Mister Jupiter and I shop at the commissary depending on a variety of factors. It is not my number one grocery store. Why? Little fresh organic produce. But at least one commissary has a great little area for sipping coffee and clipping coupons! If I was a dedicated coupon-er, I would use this space often.
Also, I build a menu each week and I shop only for one-week’s worth of food at a time. Commissaries are mostly shelf-stable goods -as are most grocery stores- and I don’t buy much from the center aisles. Instead I shop primarily at Kroger or Dillons because they have more fresh organic foods, and excellent in-store brands that I prefer to buy.

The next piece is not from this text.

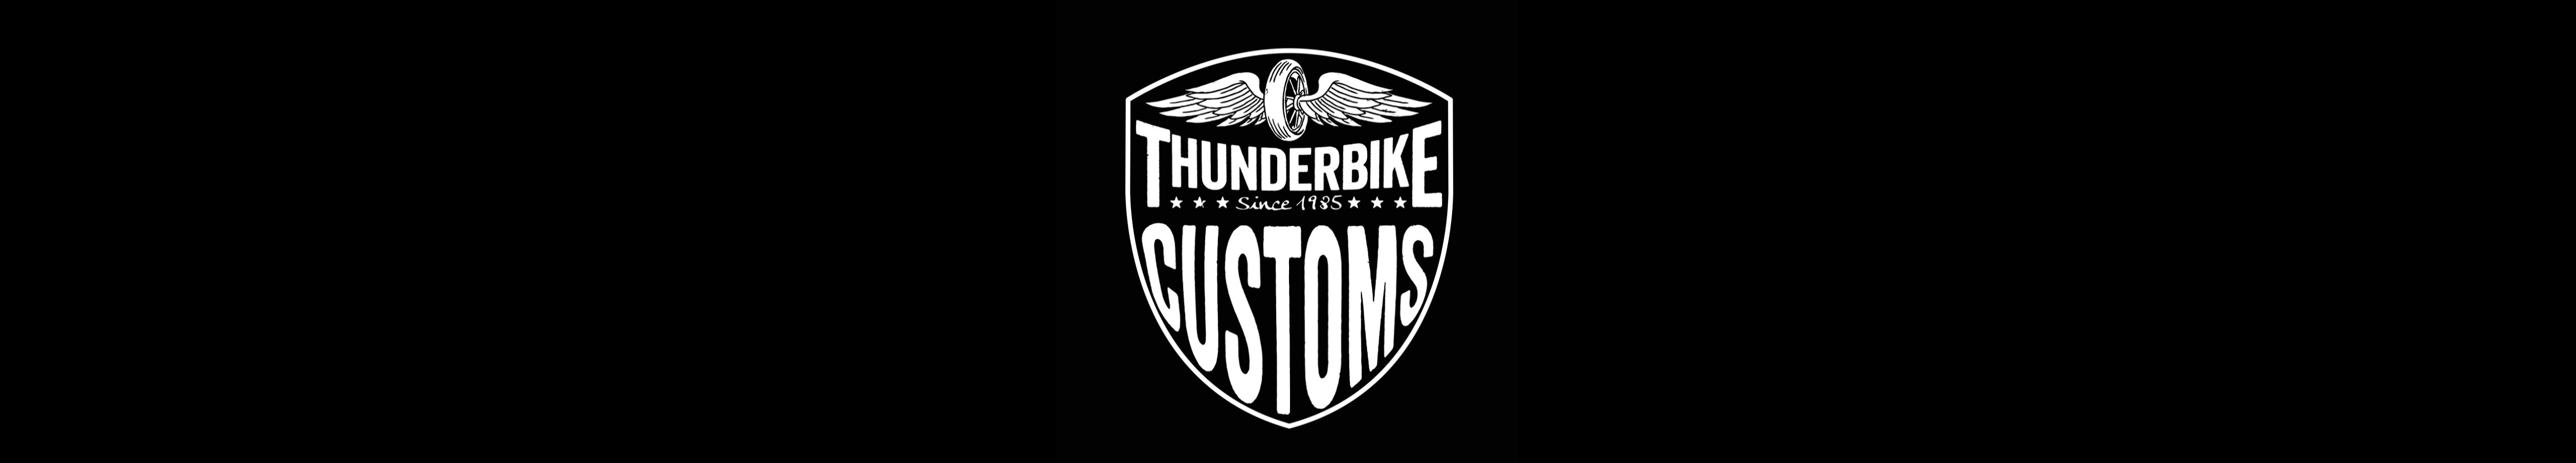 thunderbike_logo_1.jpg

Mister Jupiter (and many others) find that products are less expensive at the commissary, but this isn’t always true. Savings on meats are usually the most substantial, but I am picky about my grass-fed beef and non-conventional meats cost about the same in civilian grocery stores. Most (non-meat) things are usually $0.20–$1 more expensive on-base, because I can’t buy the store brand (like Kroger’s Simple Truth organic fire-roasted diced tomatoes). However there a few things I can only get at the commissary – including my favorite instant cocoa, various international foods, and surprisingly low prices on olive oil.
Ready for some comparison shopping (if you have the time)? Grab your coupon organizer, and a quick pen and paper for notes. I actually do take notes when I do my first grocery shopping rounds in a new town. I look for difficult to source foods, like jasmine brown rice and Zapp’s Voodoo chips. If I find a store that I really enjoy I will make aisle notes, because when I make my shopping list I prefer to build the list from entrance to exit. It takes a little extra time in the beginning, but it is super efficient when you start shopping when you walk in and finish on the way out. No back tracking needed. I’m usually finished in thirty minutes.
I was going out of my way
When I pointed this out to Mister, he stopped giving me crap for shopping at Dillons across town. He thought that I was avoiding the commissary because it was unfamiliar, but he quickly learned that I was going out of my way to provide healthier less-expensive foods for us. Bonus: when I shop in a civilian grocery store, I can enjoy fast moving lines. It’s -always- my luck that I need three things at the commissary, and I get in the “10 Items or Fewer” lane…behind someone who just cut me off with a loaded cart; clearly containing more than ten items. *silent groan*
Does your commissary have a good organic produce section, or does it lack something that you just love? Do you avoid any certain times or shopping days? Why?